Enhanced crosslinking immunoprecipitation coupled with sequencing (eCLIP-seq) was performed essentially as described74,75. Testes were collected from wild-type mice at P21, and the subsequent PBS suspension containing seminiferous tubules was crosslinked by UV-irradiation three times at 254 nm (400 mJ/cm2) and lysed in eCLIP lysis buffer with RNase I (LifeTech) and Turbo DNase (LifeTech).

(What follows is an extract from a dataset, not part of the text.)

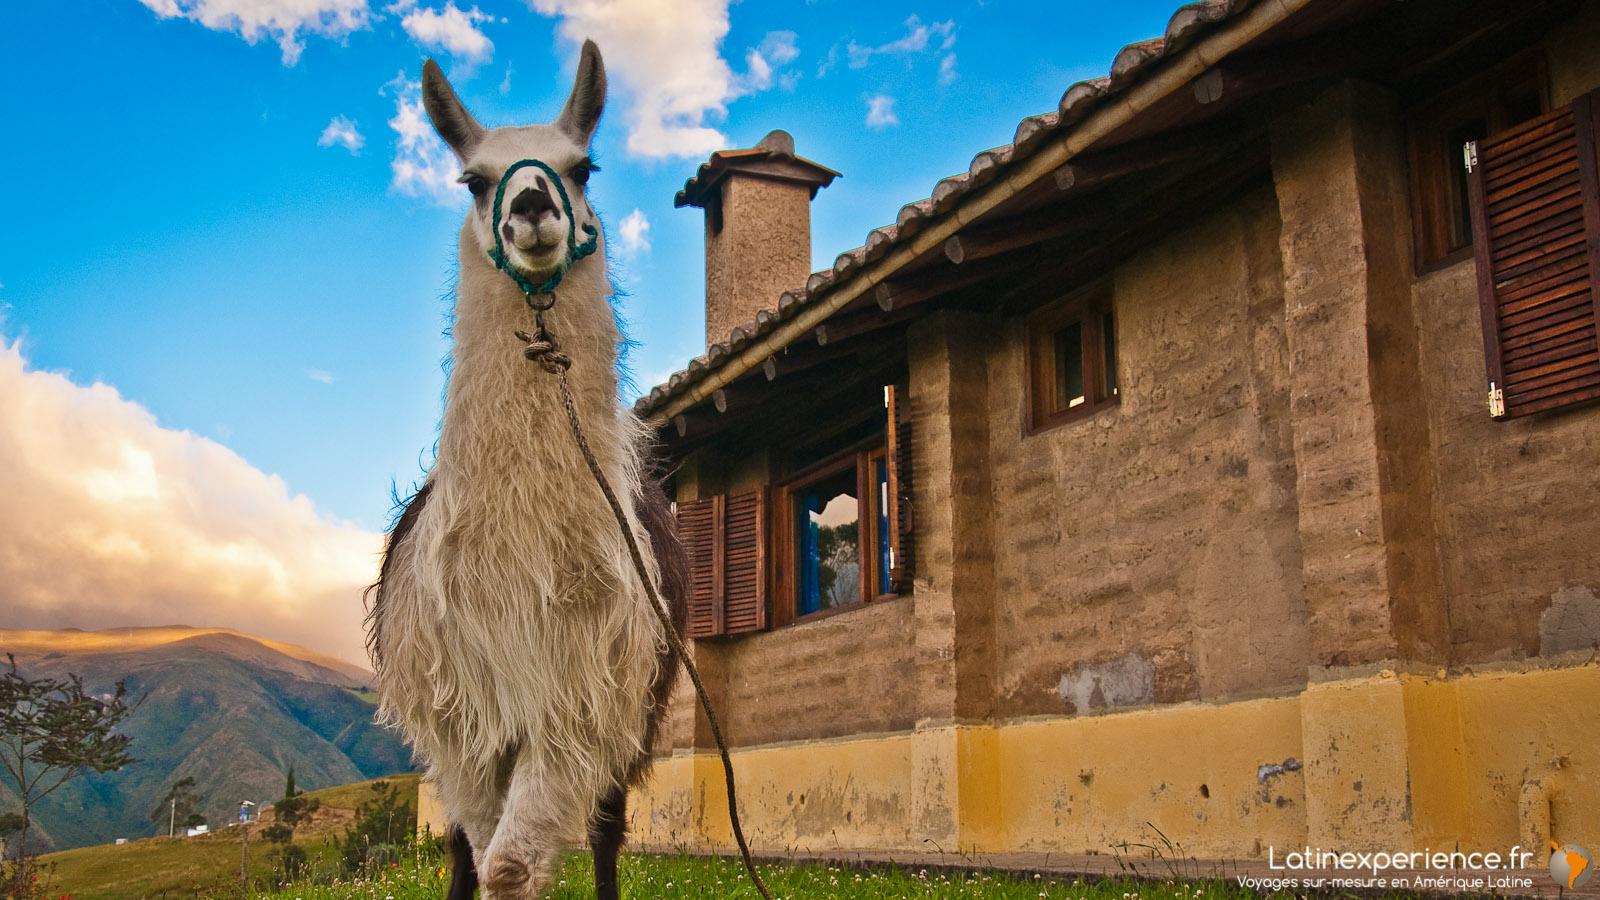 Equateur - Lama  -  Communautaire - Latinexperience voyages

NKAPL-RNA complexes were immunoprecipitated with 10 μg anti-NKAPL antibodies (Abclonal, E10124) and protein A dynabeads. 2% of lysates were used as input and processed in parallel with immunoprecipitated samples. NKAPL-RNA complexes were dephosphorylated by FastAP (LifeTech), and ligated with 3’ RNA adapter using T4 RNA Ligase (NEB). NKAPL-RNA complexes were separated on SDS-PAGE gel, transferred to a nitrocellulose membrane, and the membrane between 50 and 125 kDa was collected for RNA extraction with acid phenol/chloroform/isoamyl alcohol. After purification, RNAs were reverse transcribed with AffinityScript (Agilent) followed by treatment with ExoSAP-IT (Affymetrix) to remove excess oligonucleotides. The DNA adapter was ligated to the 3’ end of cDNA with T4 RNA Ligase (NEB). Samples were cleaned up with MyOne Silane Dynabeads (Thermofisher) and subject to quantitative PCR to determine the appropriate number of PCR cycles. Libraries were amplified with Q5 Polymerase (NEB). Amplified PCR products were separated on 3% low-melting temperature agarose gel (Seakem GTG LMP), and size-selected libraries were purified with a MinElute gel extraction kit (Qiagen). eCLIP data were analyzed using the ENCODE standard eCLIP pipeline (ENCODE Project Consortium, 2012). The adapters and 3’ adapter-dimers were trimmed with cutadapt (V1.14), and PCR duplicates were removed with a custom python script. The reads aligned to the repeat elements from UCSC with STAR (V2.7.6a) were filtered out before mapping to mm10 reference genome (GENCODE vM23). CLIPPER was used to call peak regions as previously described74. Significantly enriched peaks were identified using the following parameters: IDR (irreproducible discovery rate) ≤ 0.01, FDR < 0.05, fold enrichment ≥ 2. MEME was used to enrich the binding motifs among the peaks72.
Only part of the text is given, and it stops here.